Вот что сказал о них сладкоглаголивый Иннокентий[43] именно на обеде у Марьи Ивановны[44], возвращаясь с обновления Святогорского монастыря. «Я изъездил Европейскую Россию, могу сказать, вдоль и впоперег <так>, но живописнее места Святых Гор не встречал». — Правый берег нашего Донца чрезвычайно горист, очень живописен видами и самым цветом своих подгорных холмов и утесов. Снежный мел и глина всевозможных красок почти в радужных переливах одевают взгорьи. Не говоря уже о серой и обыкновенной желтой, есть глина совершенно палевая — зеленоватая, синяя с светлыми отливами; я видела огромную покатость холма чисто красную, просто пурпуровую и по ней купами разбросаны кустарники: дуб вместе и дикая груша, яблонка и дикая роза в цветах. Не говорите, что у нас нет своей Италии; она есть, да только «несть пророк без чести, токмо во отечествии своем»[45]. Святые Горы над самым Донцом, через который идет плавучий мост. Собственно, это не горы, а букет меловых утесов, чудной рукою Создателя приколонный к груди всегда зеленых, крутых гор. Эту всегдашнюю зелень составляет неизмеримое протяженье бора, сливающееся по покатостям в чащу орешника, боярышника — всего царства хвойных лесков и перекинувшееся по ту сторону реки, на заливные луга, огромным, вековечным лесом таких дубов, что в одном из них несколько выгнило дупло и наш рослый мужичек во всей одежде своих шуб и полушубков прячется в нем, как в театральном шкафе. Горы эти и их леса полны преданий о харцызах (это туземные разбойники), о закопанных ими кладах, о пещерах, где были притоны их; где находят старое железо и серебряные кованные околыши их высоких запорожских шапок. По протяженью этих лесов и теперь водятся куницы и дикие козы; в заливах Донца есть выдры и еще так недавно — как трудно этому поверить! — что еще не поумерли те люди, которые травили здесь медведей.

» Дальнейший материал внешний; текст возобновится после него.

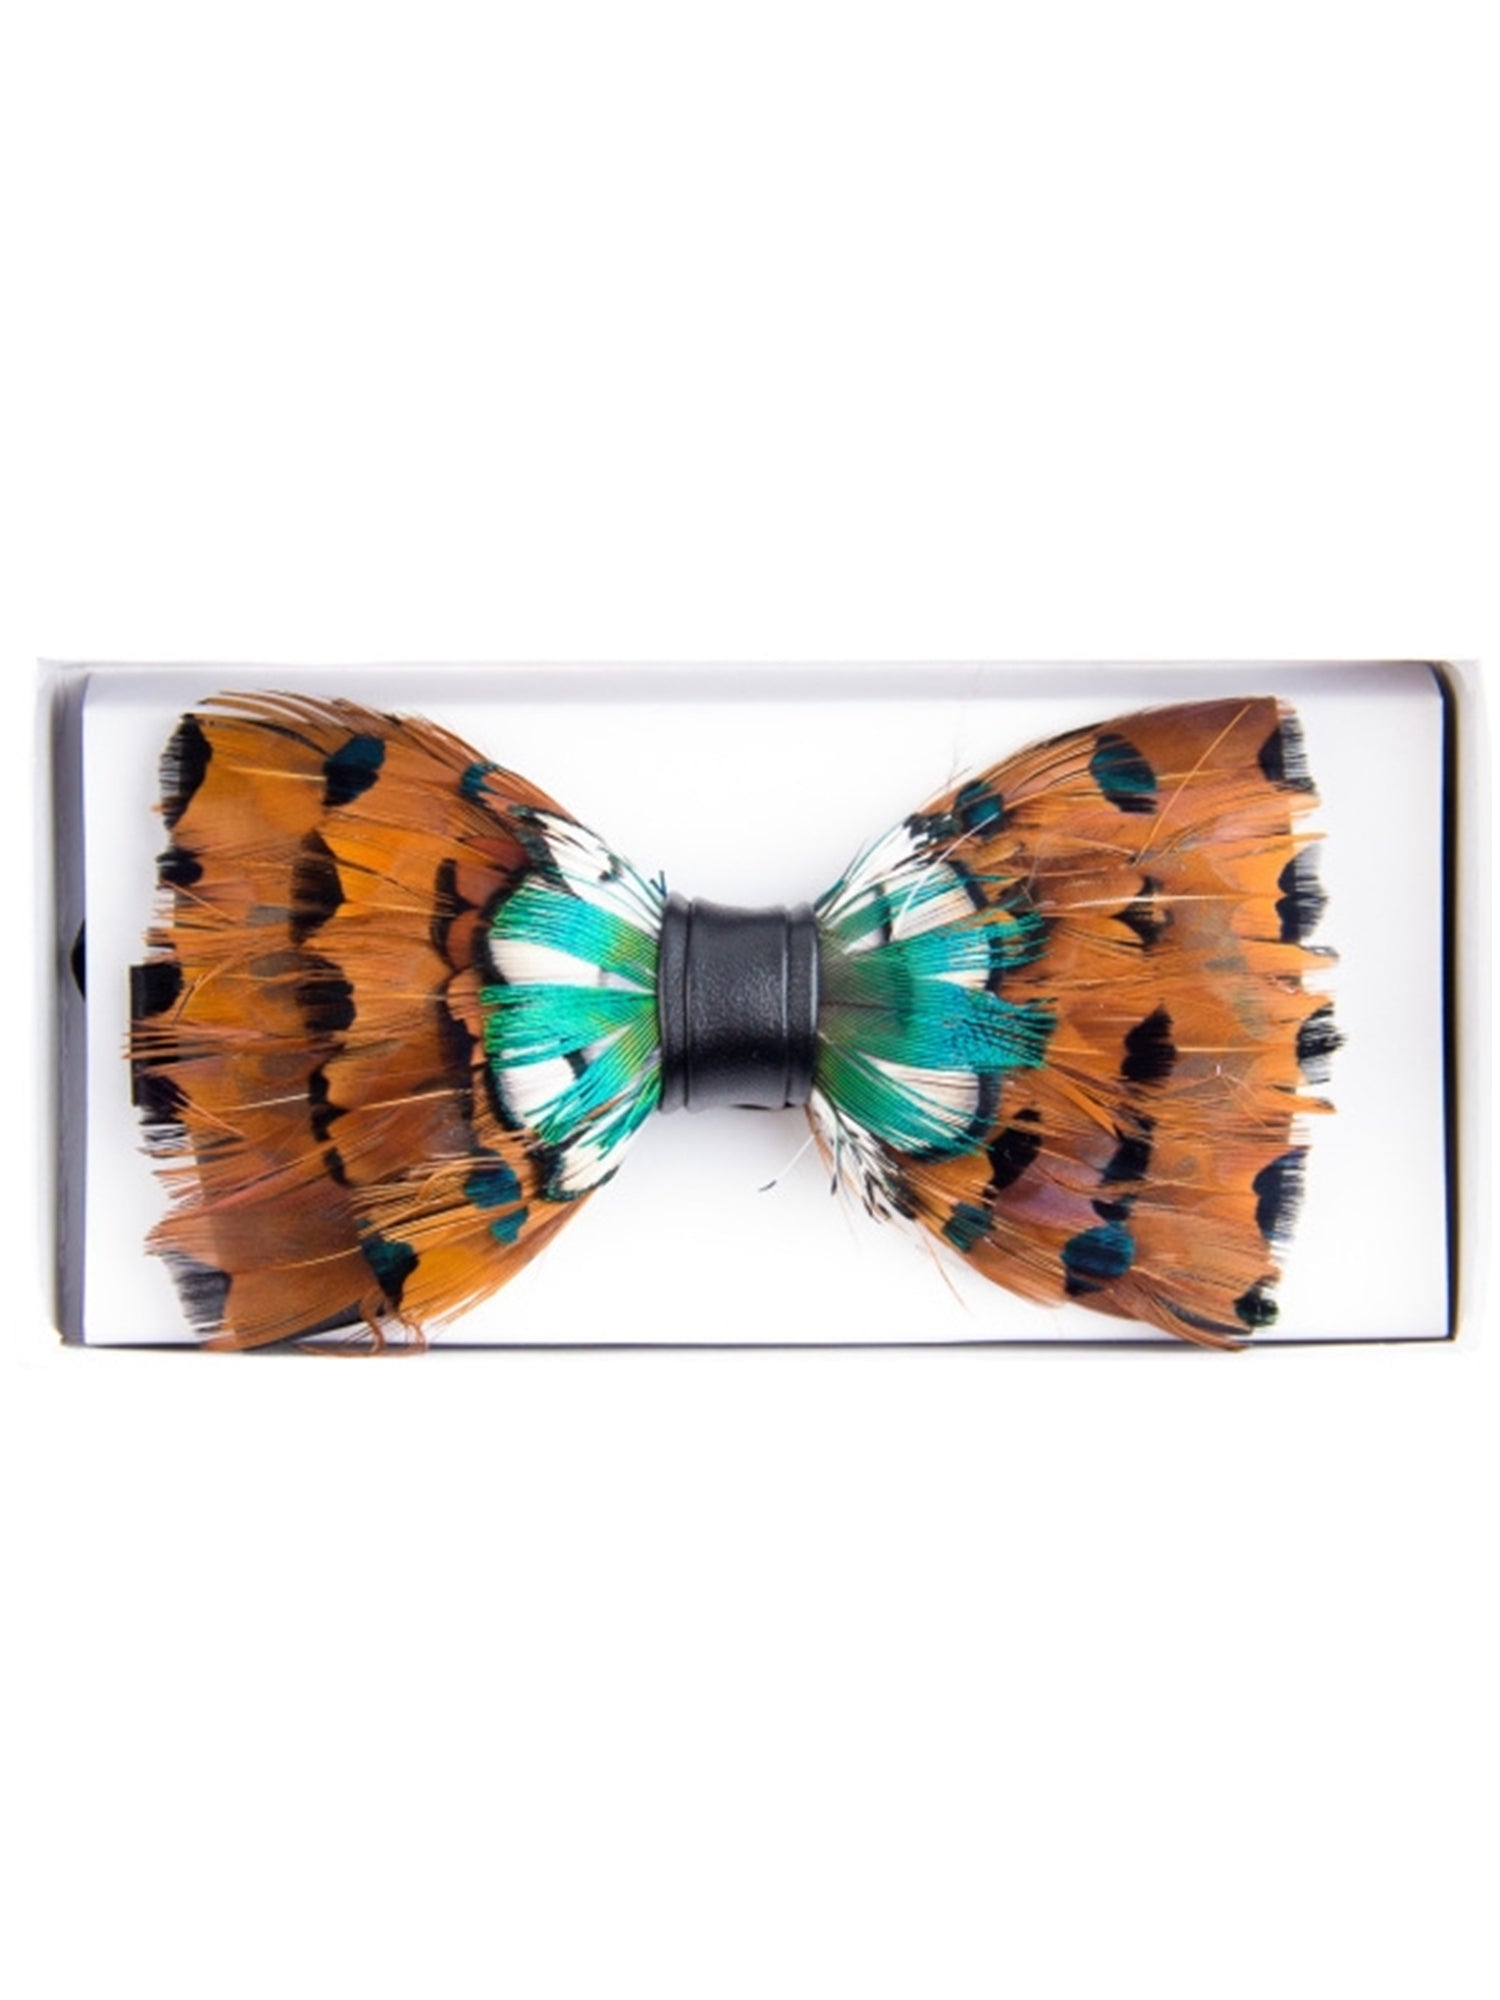 Men's Novelty Feather Banded Bow Tie Bow Tie TheDapperTie Blue And Orange One Size 
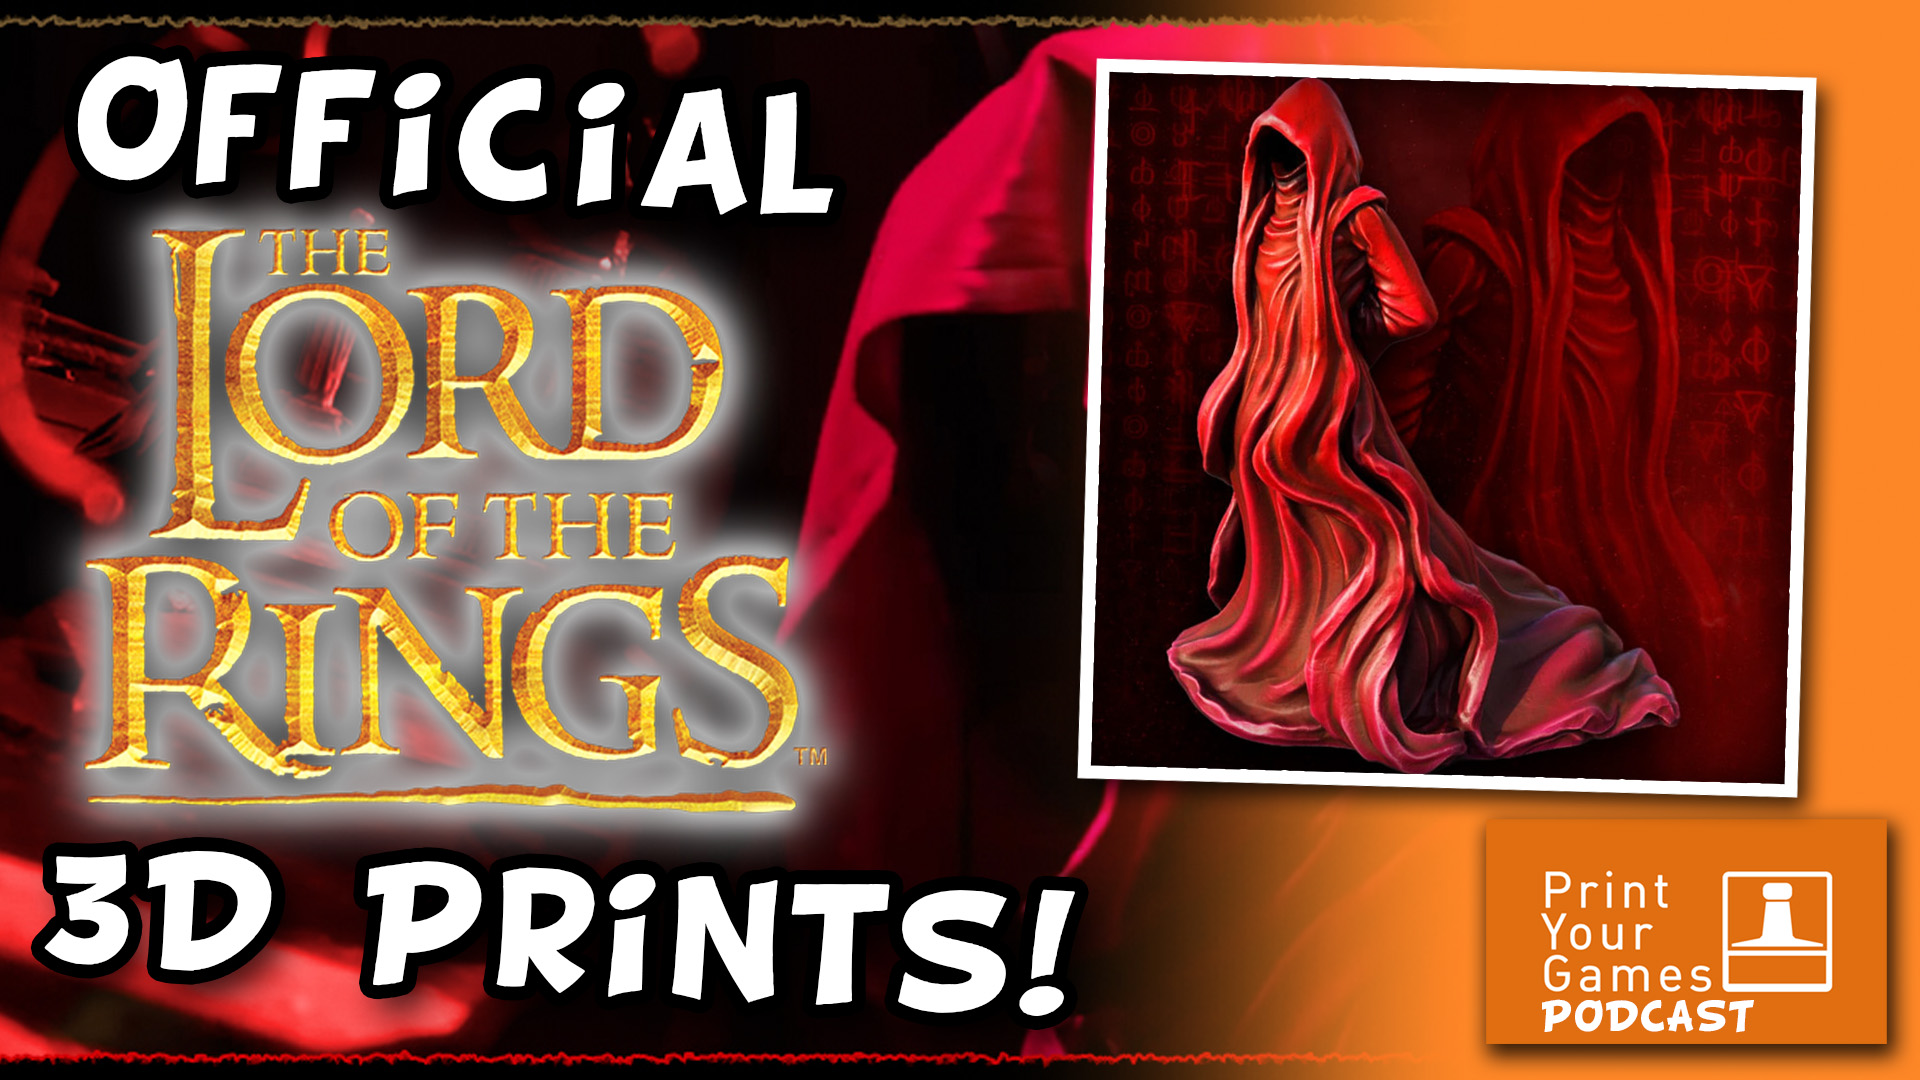 Official Lord of the Rings 3D Prints!

Но, чтобы подробно говорить о Святых Горах, дайте я вам расскажу, как я их увидела в первый раз, когда ехала с Грековой[46]. Вы тем более должны мне это позволить, что мой рассказ уже одно предание.

Как я видела тогда Святые Горы, так их уже никто более не увидит; никому они не вспомнятся в таких глубоких картинах мира и уединенной святыни, обвеваемые грустной поэзией чувства, как колыханьем своих навершинных сосен.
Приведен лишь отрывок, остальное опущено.